Título: Depois de crescer, Gol chega a encruzilhada
Autor: Rittner, Daniel; Campassi, Roberta
Fonte: Valor Econômico, 20/02/2008, Empresas, p. B3

Em sete anos de existência, a Gol mexeu com as estruturas da aviação brasileira. Numa época em que a líder de mercado deixava suas aeronaves voando seis horas por dia e ainda servia vinho a bordo dos vôos domésticos, a família Constantino trouxe um punhado de novos conceitos ao setor aéreo no país. Aviões em uso até 14 horas por dia, vendas concentradas na internet e barrinhas de cereal provocaram um choque de custos que permitiram tarifas mais baixas e deram à Gol a possibilidade de surfar na onda do inédito crescimento de dois dígitos da demanda. Por vários anos, o céu foi o limite - os planos incluíam exportar o conceito "baixo custo, baixa tarifa" a toda a América do Sul até 2010 e ter assumido a liderança do mercado doméstico no ano que terminou.

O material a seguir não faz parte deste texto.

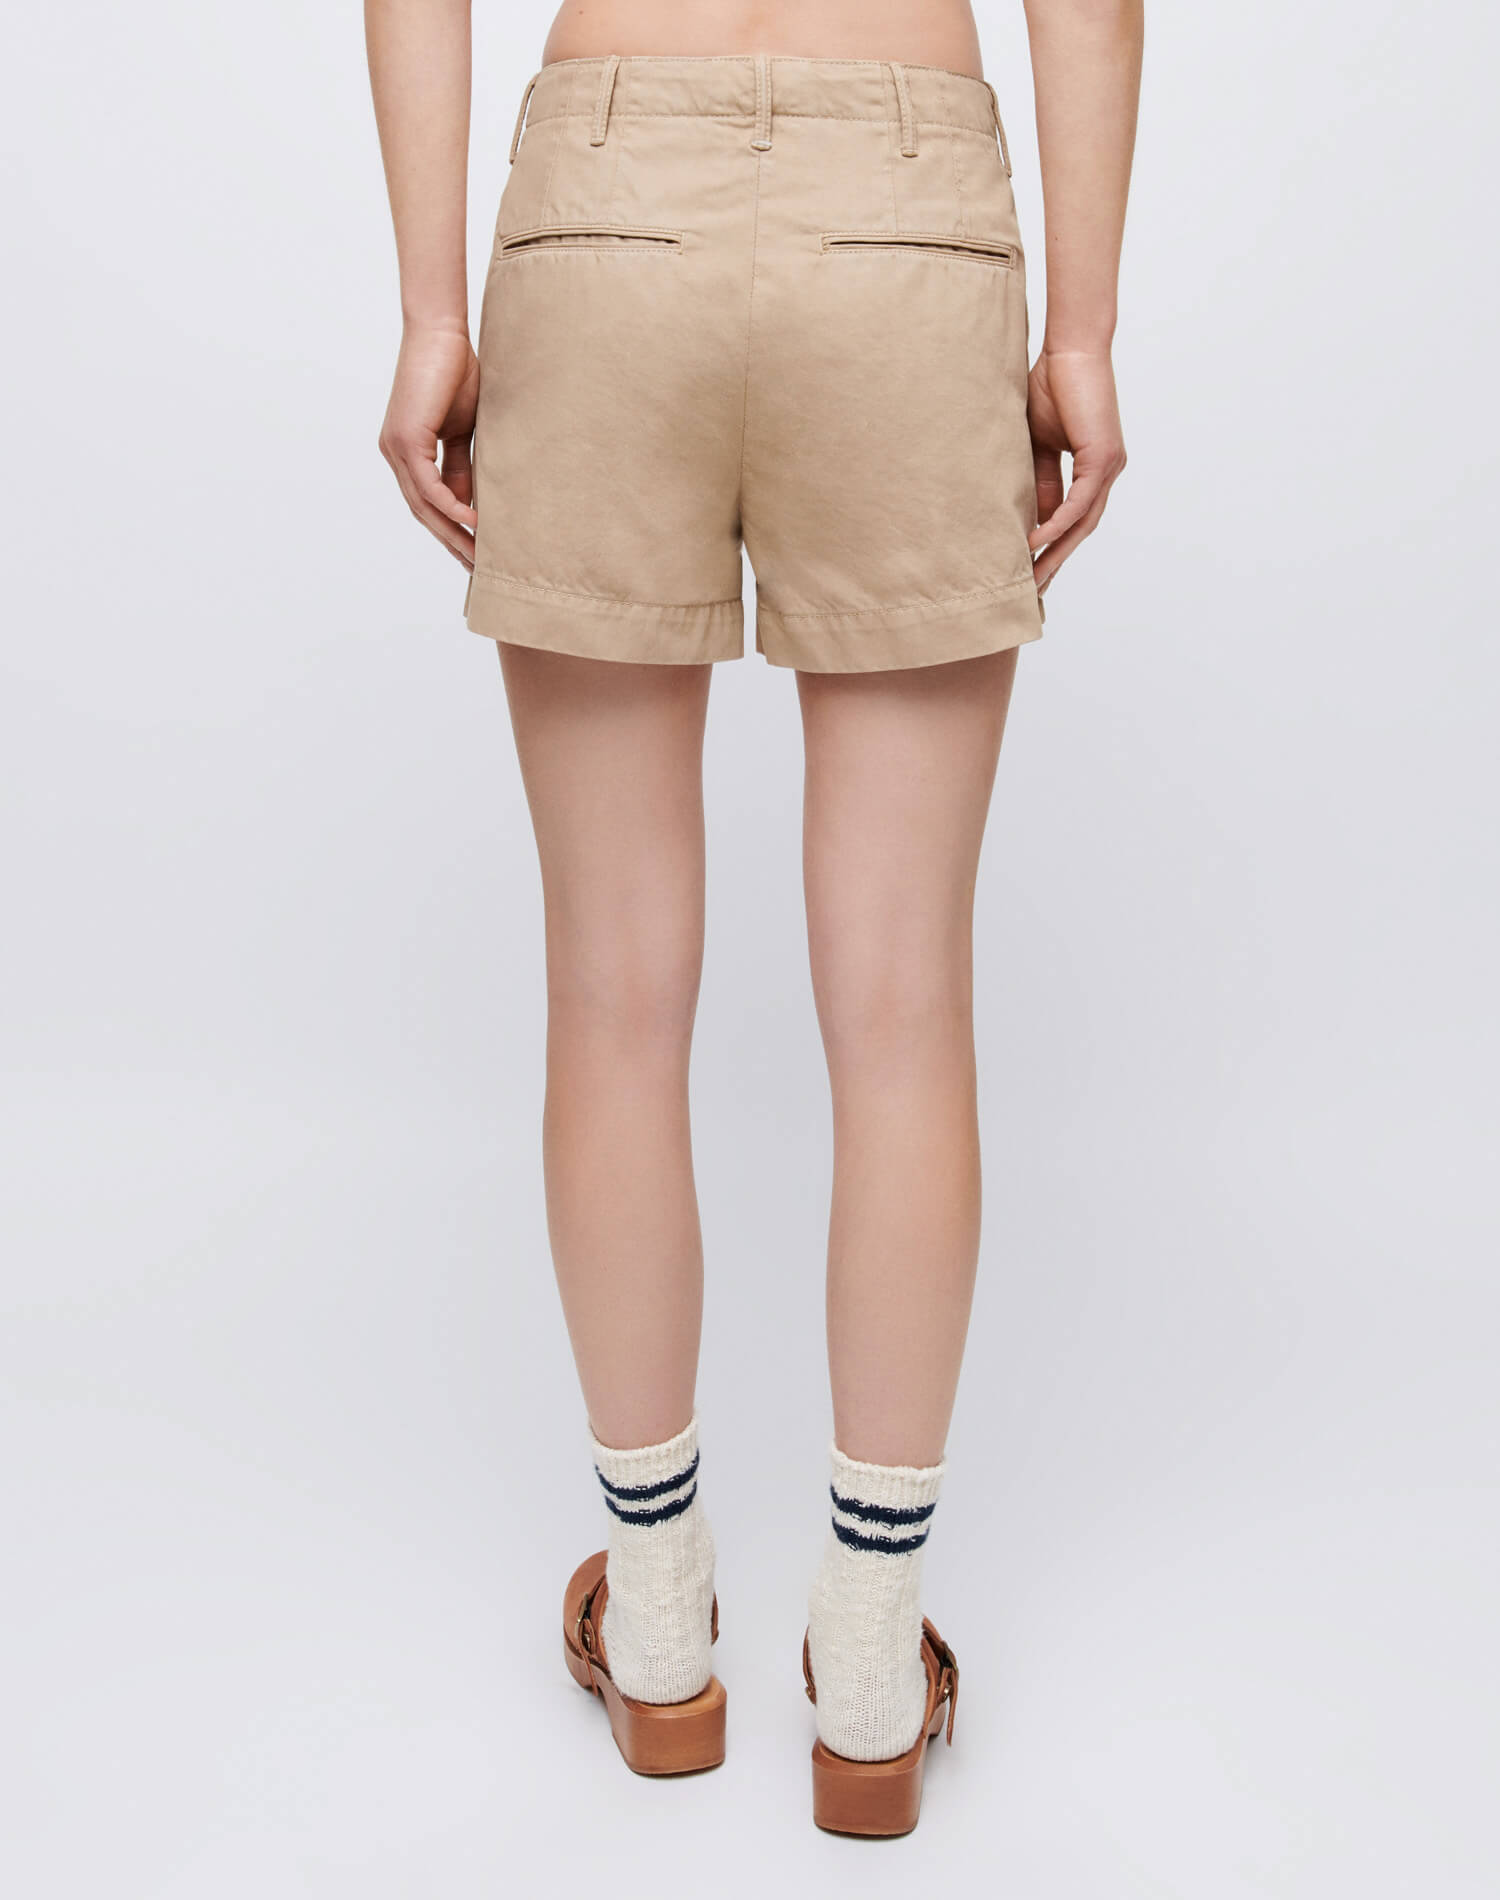 90s Trouser Shorts - Washed Khaki

Agora, como um adolescente confuso com o que pretende fazer da vida, com o agravante de que todo o cenário à sua volta ficou bem mais complicado, a Gol vive uma encruzilhada. Ninguém espera que a companhia entre em fase de declínio e repita o destino das concorrentes - Transbrasil, Vasp e a antiga Varig - cujas lacunas deixadas no mercado ela soube aproveitar tão bem. Mas os tempos de empolgação e crescimento acelerado podem ter chegado ao fim.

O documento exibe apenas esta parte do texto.